Exercise data Block Start

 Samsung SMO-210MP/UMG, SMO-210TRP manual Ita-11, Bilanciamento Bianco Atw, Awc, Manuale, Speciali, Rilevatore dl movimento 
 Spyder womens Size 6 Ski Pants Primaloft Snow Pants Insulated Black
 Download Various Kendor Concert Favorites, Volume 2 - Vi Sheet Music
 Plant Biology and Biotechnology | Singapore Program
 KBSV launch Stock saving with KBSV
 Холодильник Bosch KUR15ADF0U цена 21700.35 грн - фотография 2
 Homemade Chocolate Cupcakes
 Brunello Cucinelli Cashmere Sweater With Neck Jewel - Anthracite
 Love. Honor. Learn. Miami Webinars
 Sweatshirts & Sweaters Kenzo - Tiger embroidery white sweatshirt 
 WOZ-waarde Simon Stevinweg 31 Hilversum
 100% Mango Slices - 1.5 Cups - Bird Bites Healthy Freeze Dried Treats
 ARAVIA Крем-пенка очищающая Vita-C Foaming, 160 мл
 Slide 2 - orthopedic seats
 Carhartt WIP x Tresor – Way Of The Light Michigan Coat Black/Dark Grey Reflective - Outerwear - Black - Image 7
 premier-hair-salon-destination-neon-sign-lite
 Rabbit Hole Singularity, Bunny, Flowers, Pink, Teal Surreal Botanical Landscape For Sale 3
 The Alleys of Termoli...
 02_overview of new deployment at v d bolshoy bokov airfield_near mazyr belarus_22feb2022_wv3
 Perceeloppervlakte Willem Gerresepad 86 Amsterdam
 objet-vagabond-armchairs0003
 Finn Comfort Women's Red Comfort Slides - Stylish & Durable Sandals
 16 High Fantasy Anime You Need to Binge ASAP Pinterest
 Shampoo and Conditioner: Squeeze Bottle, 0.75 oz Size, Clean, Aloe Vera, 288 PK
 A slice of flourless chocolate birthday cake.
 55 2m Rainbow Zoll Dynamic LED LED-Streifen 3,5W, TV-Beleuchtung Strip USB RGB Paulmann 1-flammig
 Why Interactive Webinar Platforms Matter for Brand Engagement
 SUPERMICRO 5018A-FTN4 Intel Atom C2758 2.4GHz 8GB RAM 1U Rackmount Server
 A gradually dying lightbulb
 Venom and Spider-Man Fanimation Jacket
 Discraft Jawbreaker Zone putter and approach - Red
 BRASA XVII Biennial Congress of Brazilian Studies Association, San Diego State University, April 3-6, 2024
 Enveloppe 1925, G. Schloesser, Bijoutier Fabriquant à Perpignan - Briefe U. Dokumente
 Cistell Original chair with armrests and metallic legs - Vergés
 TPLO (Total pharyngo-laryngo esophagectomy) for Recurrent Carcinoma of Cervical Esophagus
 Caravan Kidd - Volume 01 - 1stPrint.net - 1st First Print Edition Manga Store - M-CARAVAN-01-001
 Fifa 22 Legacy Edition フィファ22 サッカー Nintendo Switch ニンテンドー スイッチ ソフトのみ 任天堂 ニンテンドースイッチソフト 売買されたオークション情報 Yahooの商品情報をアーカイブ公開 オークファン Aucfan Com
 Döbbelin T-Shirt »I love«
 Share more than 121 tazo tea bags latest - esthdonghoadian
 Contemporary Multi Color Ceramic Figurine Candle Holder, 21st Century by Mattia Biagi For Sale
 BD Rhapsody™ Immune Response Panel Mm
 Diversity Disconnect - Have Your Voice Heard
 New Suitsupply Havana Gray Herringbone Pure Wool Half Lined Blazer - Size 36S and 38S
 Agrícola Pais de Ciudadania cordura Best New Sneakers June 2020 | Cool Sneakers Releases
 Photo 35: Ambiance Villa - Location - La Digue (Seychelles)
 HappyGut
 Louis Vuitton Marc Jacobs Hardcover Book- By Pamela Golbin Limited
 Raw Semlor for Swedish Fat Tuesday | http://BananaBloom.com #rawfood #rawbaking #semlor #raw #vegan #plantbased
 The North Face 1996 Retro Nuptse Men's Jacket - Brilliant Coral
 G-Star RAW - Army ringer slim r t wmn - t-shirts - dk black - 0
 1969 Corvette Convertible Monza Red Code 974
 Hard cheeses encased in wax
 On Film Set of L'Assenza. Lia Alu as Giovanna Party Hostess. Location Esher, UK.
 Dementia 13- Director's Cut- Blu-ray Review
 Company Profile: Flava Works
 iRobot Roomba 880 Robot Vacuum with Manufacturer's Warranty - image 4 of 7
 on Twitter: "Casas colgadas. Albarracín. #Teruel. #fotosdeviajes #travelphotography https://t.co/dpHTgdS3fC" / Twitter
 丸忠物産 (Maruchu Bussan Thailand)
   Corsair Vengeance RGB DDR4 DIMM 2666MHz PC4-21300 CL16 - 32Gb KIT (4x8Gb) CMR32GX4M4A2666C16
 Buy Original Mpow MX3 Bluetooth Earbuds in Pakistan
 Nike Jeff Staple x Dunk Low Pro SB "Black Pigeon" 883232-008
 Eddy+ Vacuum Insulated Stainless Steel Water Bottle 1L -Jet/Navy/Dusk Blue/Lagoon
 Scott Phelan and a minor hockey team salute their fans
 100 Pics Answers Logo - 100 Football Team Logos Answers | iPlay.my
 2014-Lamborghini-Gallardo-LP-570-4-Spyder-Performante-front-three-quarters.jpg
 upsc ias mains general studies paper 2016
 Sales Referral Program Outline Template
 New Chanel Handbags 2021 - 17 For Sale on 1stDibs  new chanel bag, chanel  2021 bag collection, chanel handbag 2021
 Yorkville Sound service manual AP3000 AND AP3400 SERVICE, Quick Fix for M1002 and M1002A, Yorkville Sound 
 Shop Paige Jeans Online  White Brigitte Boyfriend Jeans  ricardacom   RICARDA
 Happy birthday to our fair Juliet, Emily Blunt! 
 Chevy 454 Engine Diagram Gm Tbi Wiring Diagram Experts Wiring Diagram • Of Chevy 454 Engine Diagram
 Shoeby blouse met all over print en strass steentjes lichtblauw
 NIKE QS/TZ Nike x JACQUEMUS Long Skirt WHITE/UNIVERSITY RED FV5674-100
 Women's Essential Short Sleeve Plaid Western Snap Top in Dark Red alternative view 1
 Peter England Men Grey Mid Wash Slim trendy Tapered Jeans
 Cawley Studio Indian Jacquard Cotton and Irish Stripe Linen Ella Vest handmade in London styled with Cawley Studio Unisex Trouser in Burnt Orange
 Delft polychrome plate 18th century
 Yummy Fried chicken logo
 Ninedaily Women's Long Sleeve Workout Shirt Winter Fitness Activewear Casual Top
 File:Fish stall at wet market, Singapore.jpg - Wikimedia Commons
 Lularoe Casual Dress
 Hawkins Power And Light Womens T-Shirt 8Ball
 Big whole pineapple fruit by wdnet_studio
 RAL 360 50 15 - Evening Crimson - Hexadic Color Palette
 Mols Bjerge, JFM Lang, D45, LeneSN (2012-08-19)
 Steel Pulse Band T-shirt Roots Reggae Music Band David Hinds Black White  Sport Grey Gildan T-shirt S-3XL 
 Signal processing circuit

Exercise data Block End

**Aim of the task**
The expected answer is an exact copy of the lines above, beginning at the line with "The North Face" and ending at the line with "Sales Referral Program Outline Template", with both ends in.

**Reply**
 The North Face 1996 Retro Nuptse Men's Jacket - Brilliant Coral
 G-Star RAW - Army ringer slim r t wmn - t-shirts - dk black - 0
 1969 Corvette Convertible Monza Red Code 974
 Hard cheeses encased in wax
 On Film Set of L'Assenza. Lia Alu as Giovanna Party Hostess. Location Esher, UK.
 Dementia 13- Director's Cut- Blu-ray Review
 Company Profile: Flava Works
 iRobot Roomba 880 Robot Vacuum with Manufacturer's Warranty - image 4 of 7
 on Twitter: "Casas colgadas. Albarracín. #Teruel. #fotosdeviajes #travelphotography https://t.co/dpHTgdS3fC" / Twitter
 丸忠物産 (Maruchu Bussan Thailand)
   Corsair Vengeance RGB DDR4 DIMM 2666MHz PC4-21300 CL16 - 32Gb KIT (4x8Gb) CMR32GX4M4A2666C16
 Buy Original Mpow MX3 Bluetooth Earbuds in Pakistan
 Nike Jeff Staple x Dunk Low Pro SB "Black Pigeon" 883232-008
 Eddy+ Vacuum Insulated Stainless Steel Water Bottle 1L -Jet/Navy/Dusk Blue/Lagoon
 Scott Phelan and a minor hockey team salute their fans
 100 Pics Answers Logo - 100 Football Team Logos Answers | iPlay.my
 2014-Lamborghini-Gallardo-LP-570-4-Spyder-Performante-front-three-quarters.jpg
 upsc ias mains general studies paper 2016
 Sales Referral Program Outline Template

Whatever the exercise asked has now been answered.